Related Products of 13958-93-5, With the rapid development and complex challenges of chemical substances, the synthesis of new drugs is usually one of the most effective ways to increase yield.13958-93-5, name is 3,5-Dichloroisonicotinic acid, molecular formula is C6H3Cl2NO2, molecular weight is 192, as common compound, the synthetic route is as follows.
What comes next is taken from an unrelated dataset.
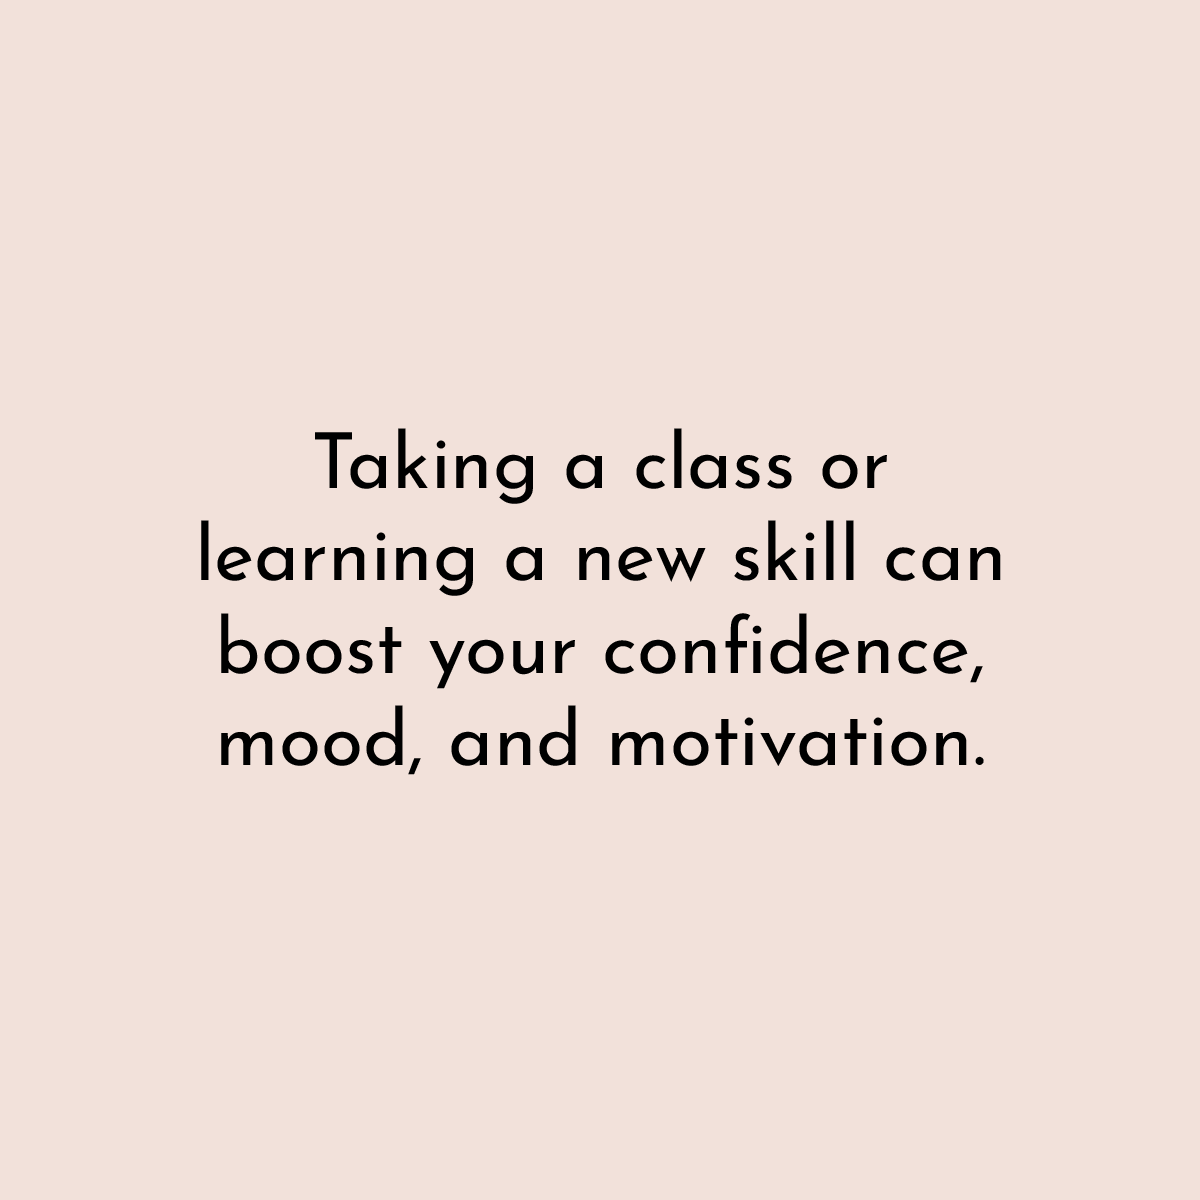 Taking a class or learning a new skill can boost your confidence, mood and motivation.

Preparation of (3,5-dichloro-pyridin-4-yl)-(3-hydroxymethyl-piperidin-1-yl)-methanone: To a suspension of 3,5-dichloroisonicotinic acid (250 mg, 1.30 mmol) in CH2Cl2 (6.5 mL) was added DMF (cat.) and oxalyl chloride (0.45 mL, 5.2 mmol), and the mixture was stirred at room temperature for 2 h then concentrated in vacuo. To the residue was added THF (2 mL), Et3N (0.27 mL, 1.9 mmol), and a solution of 3-piperidinemethanol (150 mg, 1.30 mmol) in THF (4.5 mL), and the mixture was stirred at room temperature for 21 h. The mixture was diluted with CH2Cl2 (50 mL) and brine (30 mL) and the phases were separated. The organic layer was washed with brine (2*50 mL) and saturated NaHCO3 (2*50 mL). The organic layer was dried (MgSO4), filtered, concentrated, and dried in vacuo to afford a crude oil. Purification of the crude material by column chromatography on silica gel (100:5:1 CH2Cl2/MeOH/NH4OH) gave a yellow oil (mixture of isomers) (147 mg, 39%). 1H NMR (CDCl3) delta 1.28-1.96 (m, 4H), 2.89-3.26 (m, 3H), 3.35-3.45 (m, 1H), 3.50-3.72 (m, 2H), 4.29-4.56 (m, 1H), 8.54 (m, 2H).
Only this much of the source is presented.